Y para revelar su identidad, abrió la capa de peregrino que lo cubría. De momento apareció a los ojos de los presentes en toda su prestancia y majestad divinas. Kusanida se le acercó confiada, ofreciéndole su blanca manita, que Suzano estrechó entre las suyas con ternura.
Pero en aquel preciso momento la tierra tembló espantosamente y un aullido terrible resonó en la noche; el dragón se acercaba. Se divisaban ya las dieciséis llamas de sus ojos, que desgarraban las tinieblas con lívidos resplandores, en tanto que su cuerpo inmenso, semejante a una montaña, se iba aproximando, arrollándolo todo a su paso.
Susaono desenvainó su refulgente espada y ordenó a los dos ancianos, que en un rincón de la estancia rezaban temblorosos, que preparaban frente a la alquería ocho odres llenos de vino.

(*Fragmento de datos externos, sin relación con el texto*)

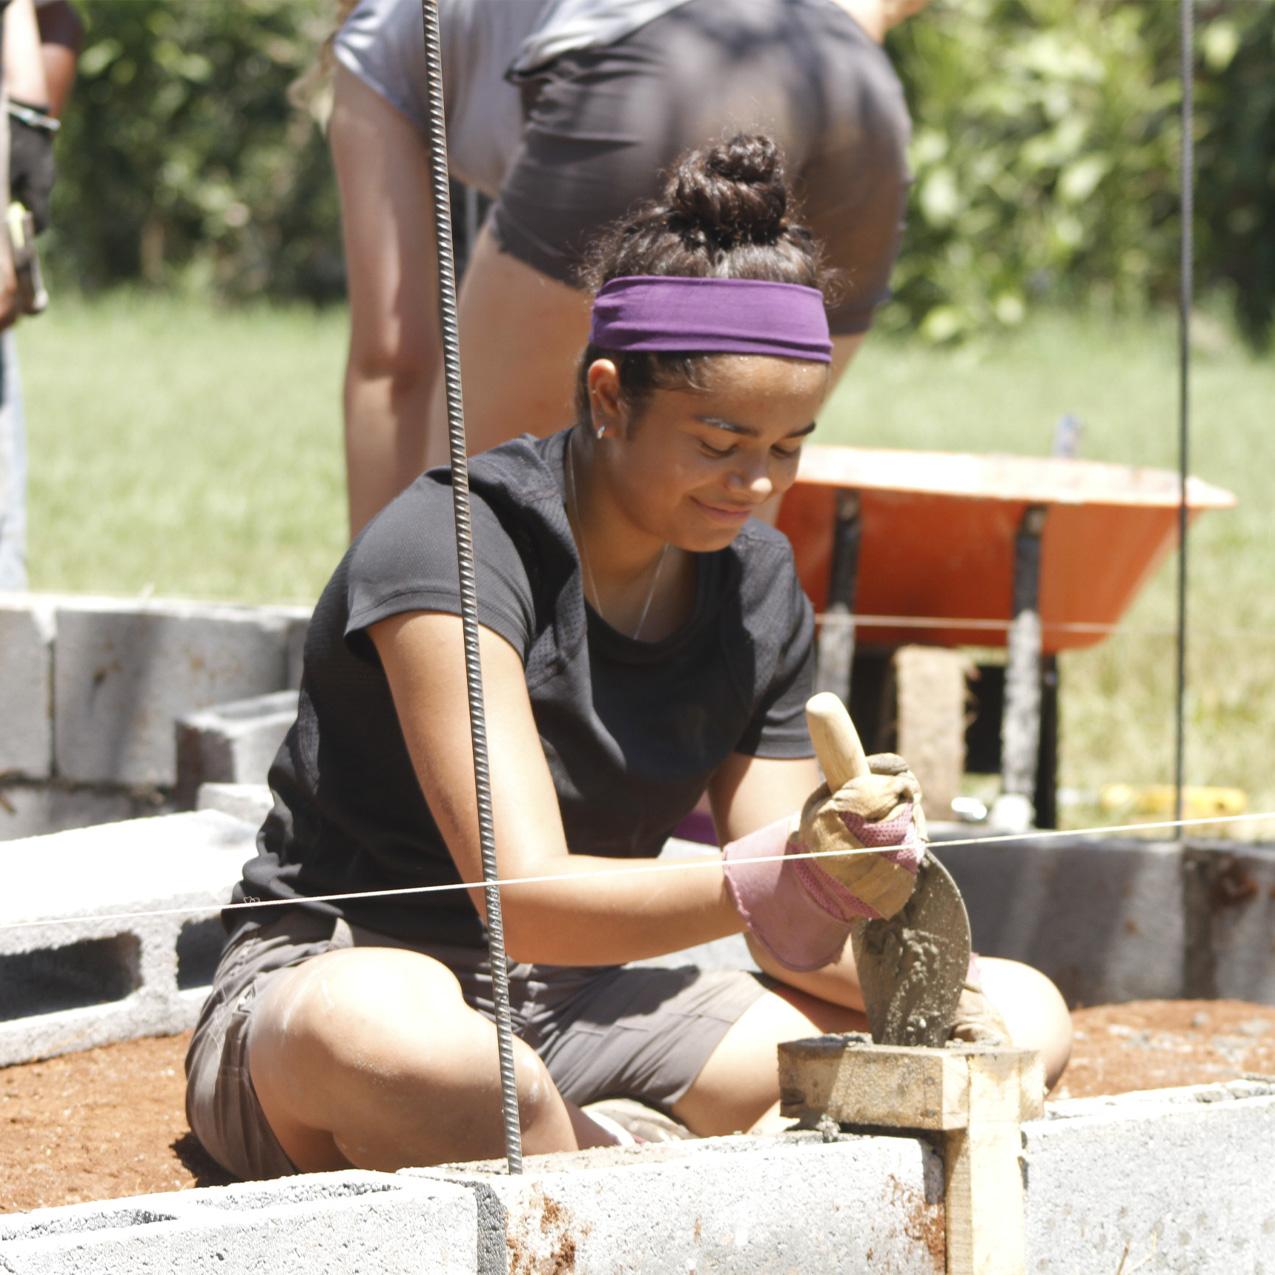 school_expedition_costa_rica_scuba_community_projects
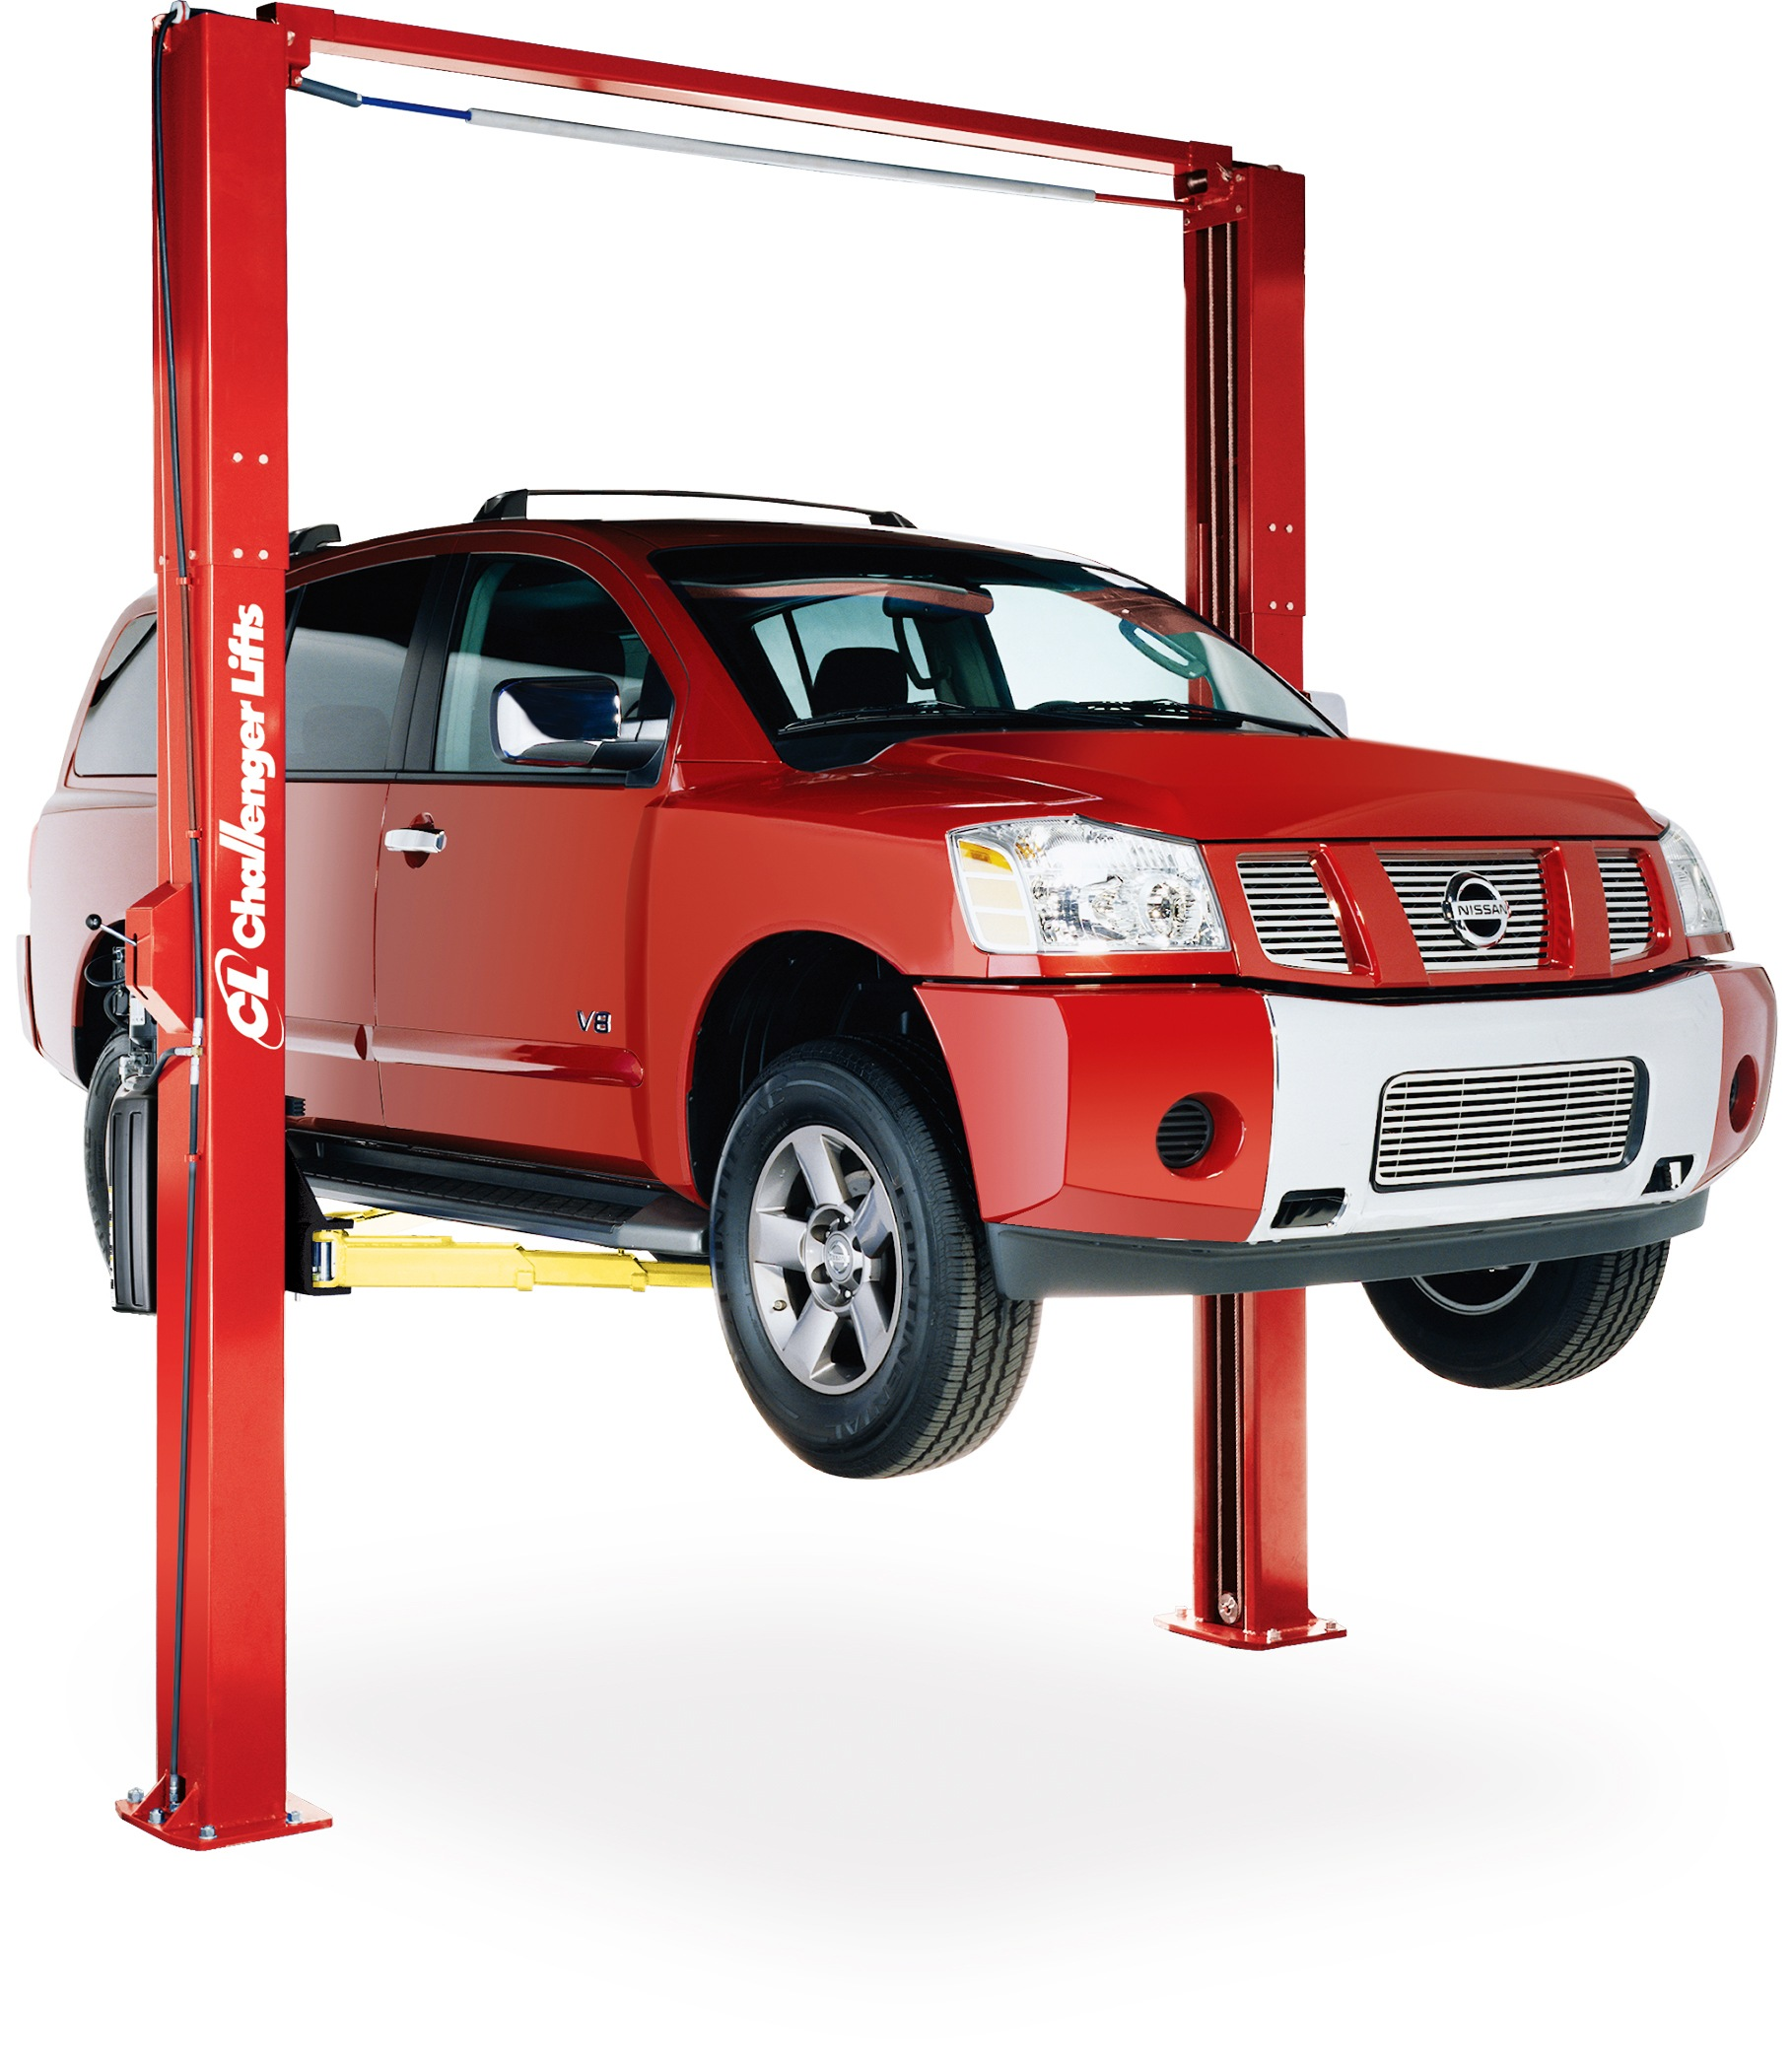 cl e10 symmetric?t\=1461343594 tuxedo car lift wiring diagram wiring diagrams Car Lift at soozxer.org

El dragón avanzaba veloz, como el pensamiento, a pesar de su mole. Pero al llegar cerca de la casa se detuvo: había sentido los efluvios del vino, del que era sobremanera glotón. Sin vacilar, metió las ocho cabezas en los ocho odres y se puso a beber con avidez. Y bebió y bebió , hasta que borracho, perdido, cayó a tierra profundamente dormido.
Entonces Susano se le acercó y hundió muchas veces la hoja de su espada en el cuerpo inmóvilo. Chorros de sangre negrusca manaron de la herida como cascadas y fueron a regar la tierra del contorno, formando un agitado río de olas sangrientas.
El monstruo estaba ya muerto; pero, para mayor seguridad, Susanoo hundió una vez más su arma en medio del cuerpo inmenso . Un rumor metálico, y la espada divina voló hecha pedazos. ¿Con qué obstáculo se había topado ? El dios quiso averiguarlo; descuartizó el cuerpo del monstruo e imaginen su asombro al descubrir en sus entrañas una larga espada diamantina.
-Esta espada- se dijo, mientras la sacaba de su original vaina- la regalare a mi hermana Amaterasu para obtener su perdón.
Luego, tomo de la mano a la hermosa Kunisada y la condujo a su maravilloso palacio, ceñido de ocho nubes plateadas, donde vivió para siempre feliz y contento.